Print exactly the lines from the one that contains "BIOREF COHORT 2023-2025: ADMISSION RESULTS" through the last line of the material, both included, and leave out all pictures.

- **Supplied information**:
━━━━━━

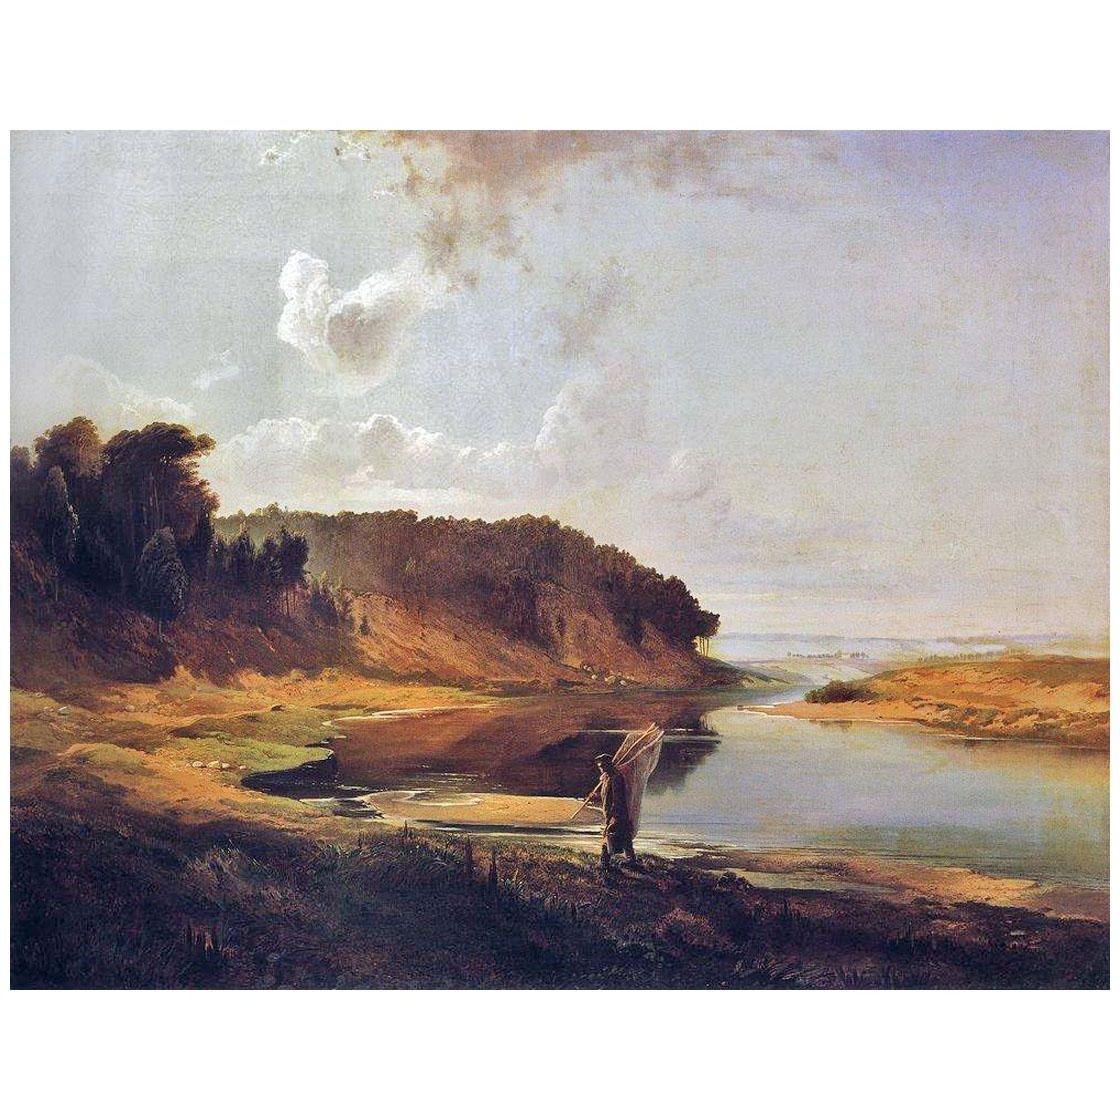 Алексей Саврасов. Пейзаж с рекой и рыбаком. 1859. Национальный музей искусств. Рига
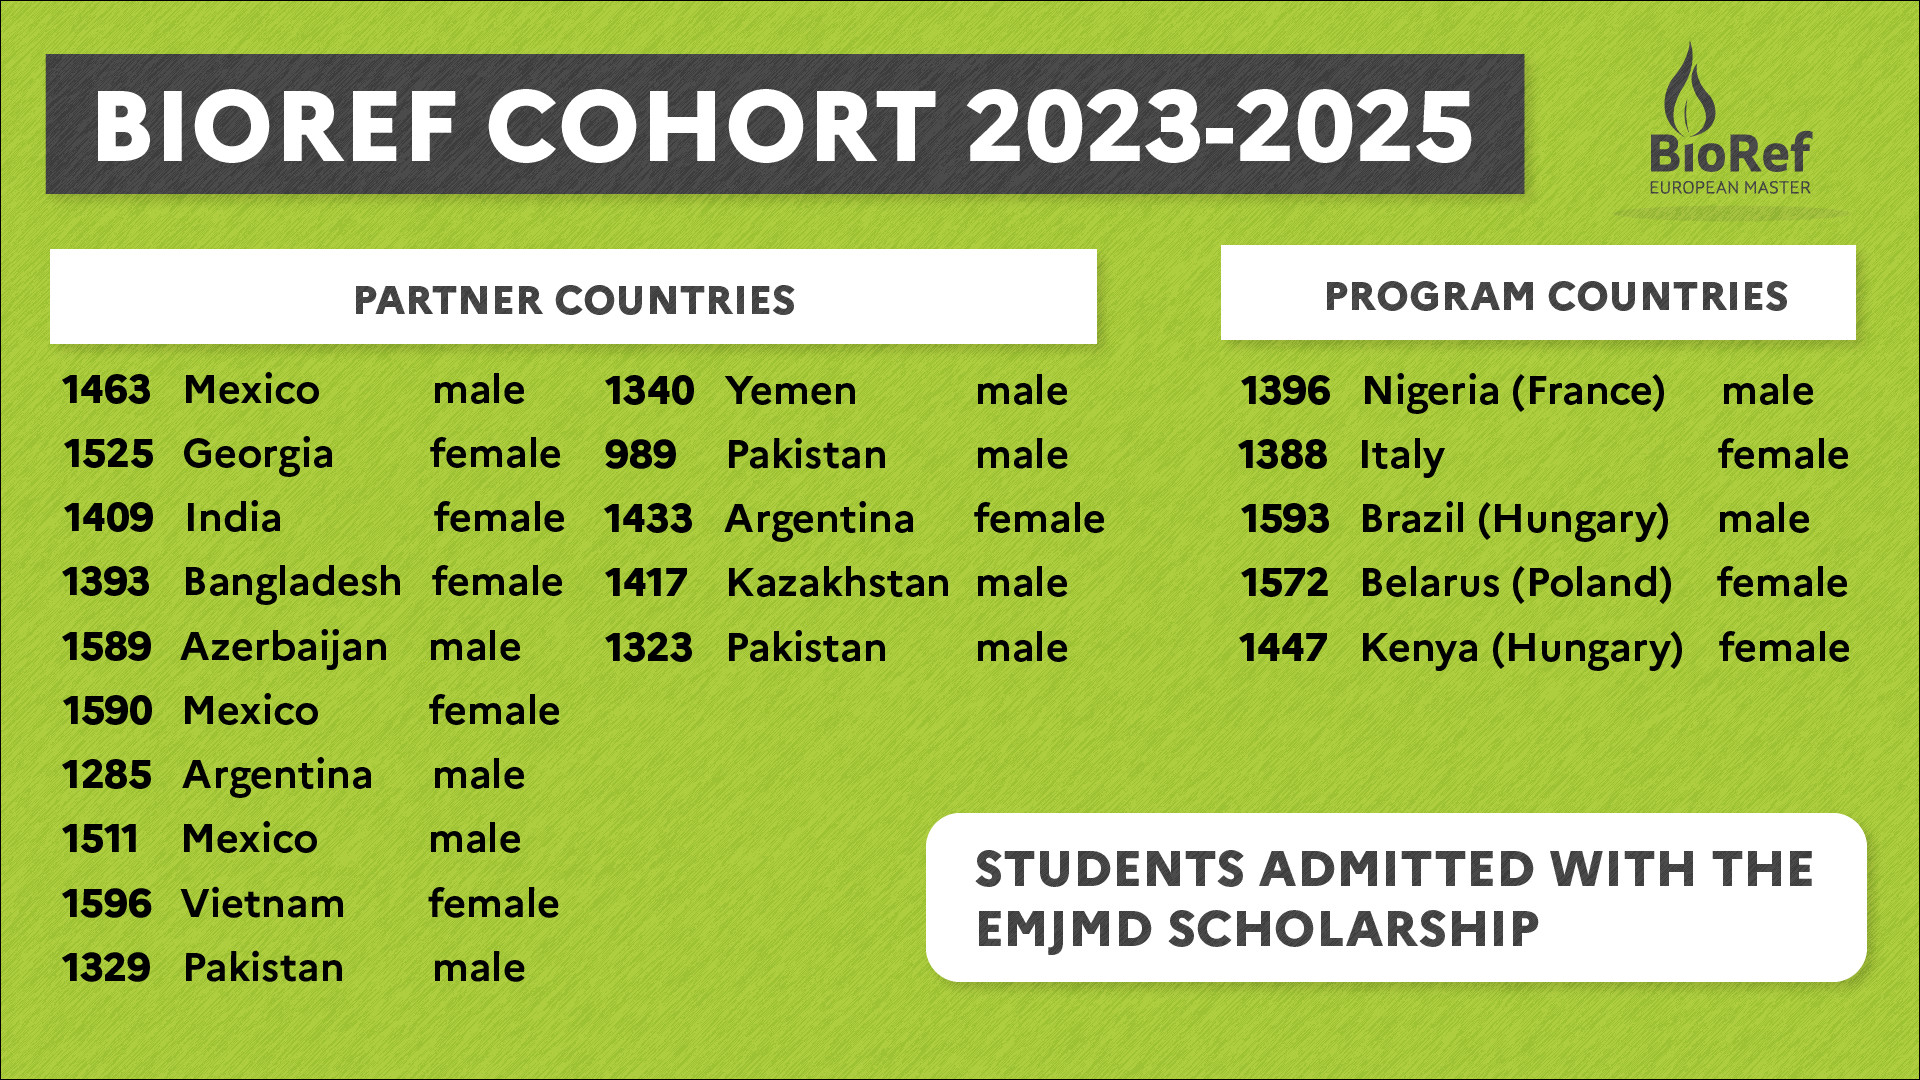 BIOREF COHORT 2023-2025: ADMISSION RESULTS
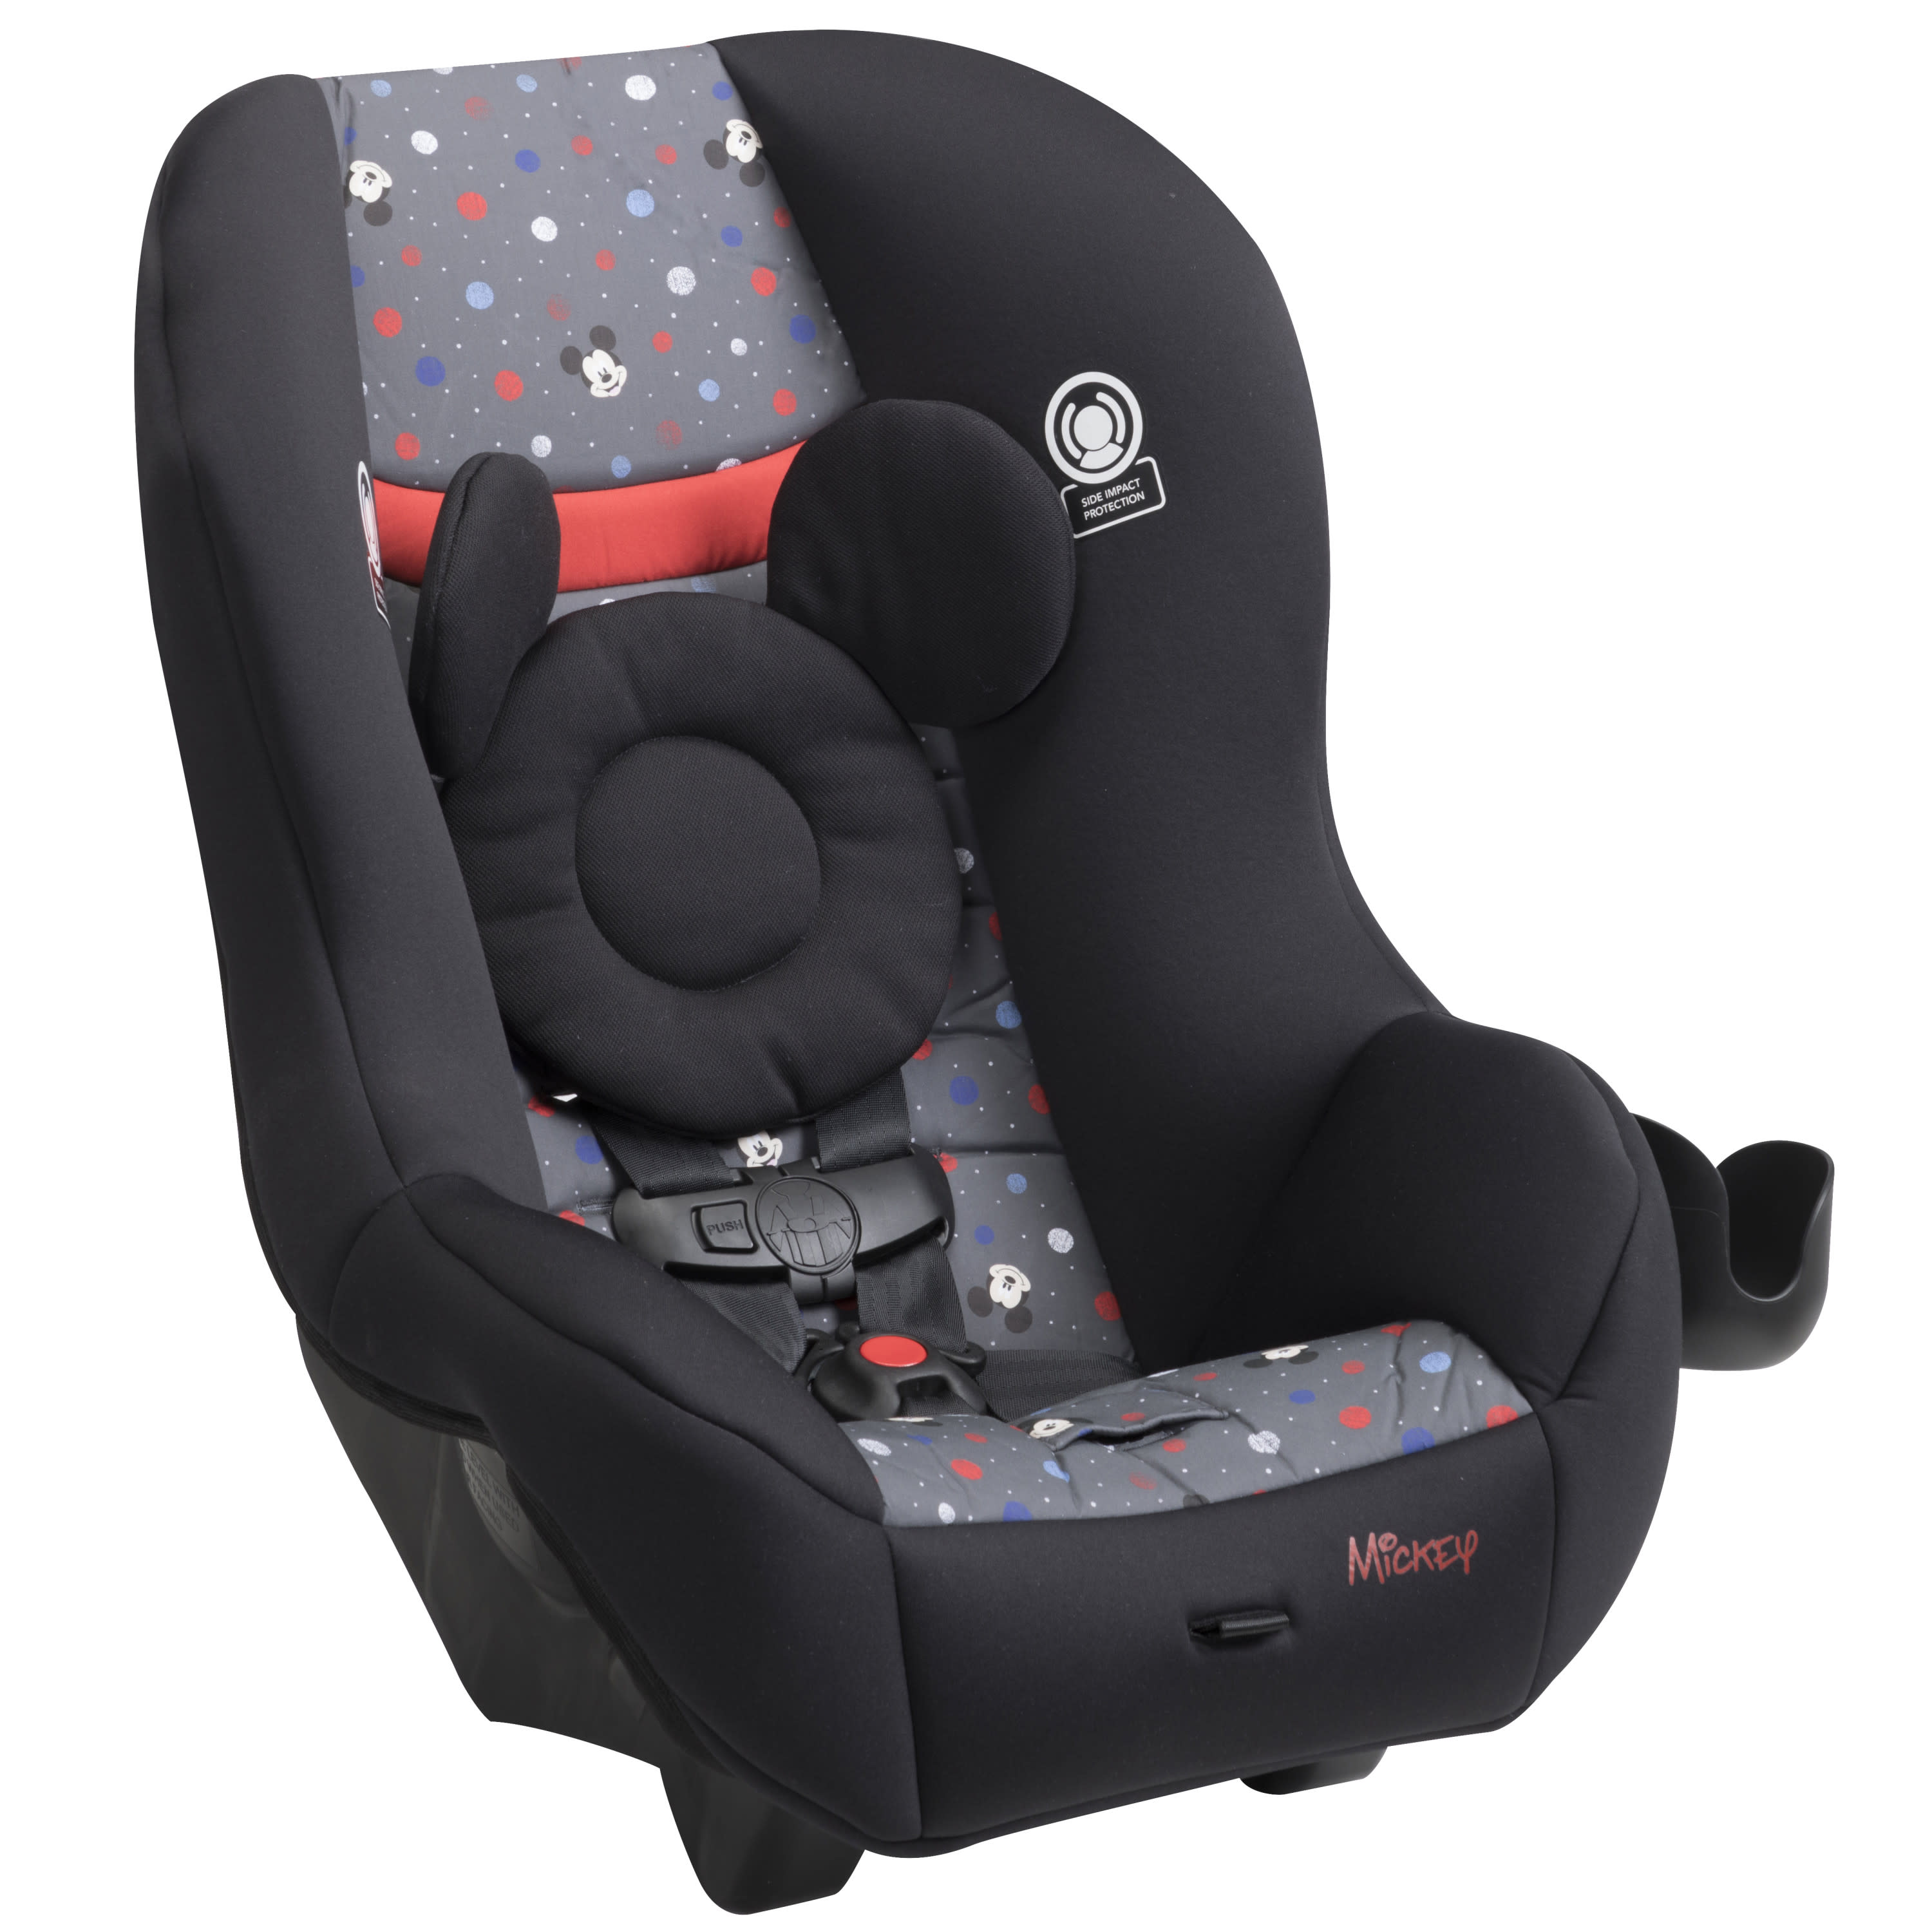 Disney Baby Scenera NEXT Luxe Convertible Car Seat, Mickey Indigo Dreams - image 4 of 16

━━━━━━

- **Output of the exercise**:
 BIOREF COHORT 2023-2025: ADMISSION RESULTS
 Disney Baby Scenera NEXT Luxe Convertible Car Seat, Mickey Indigo Dreams - image 4 of 16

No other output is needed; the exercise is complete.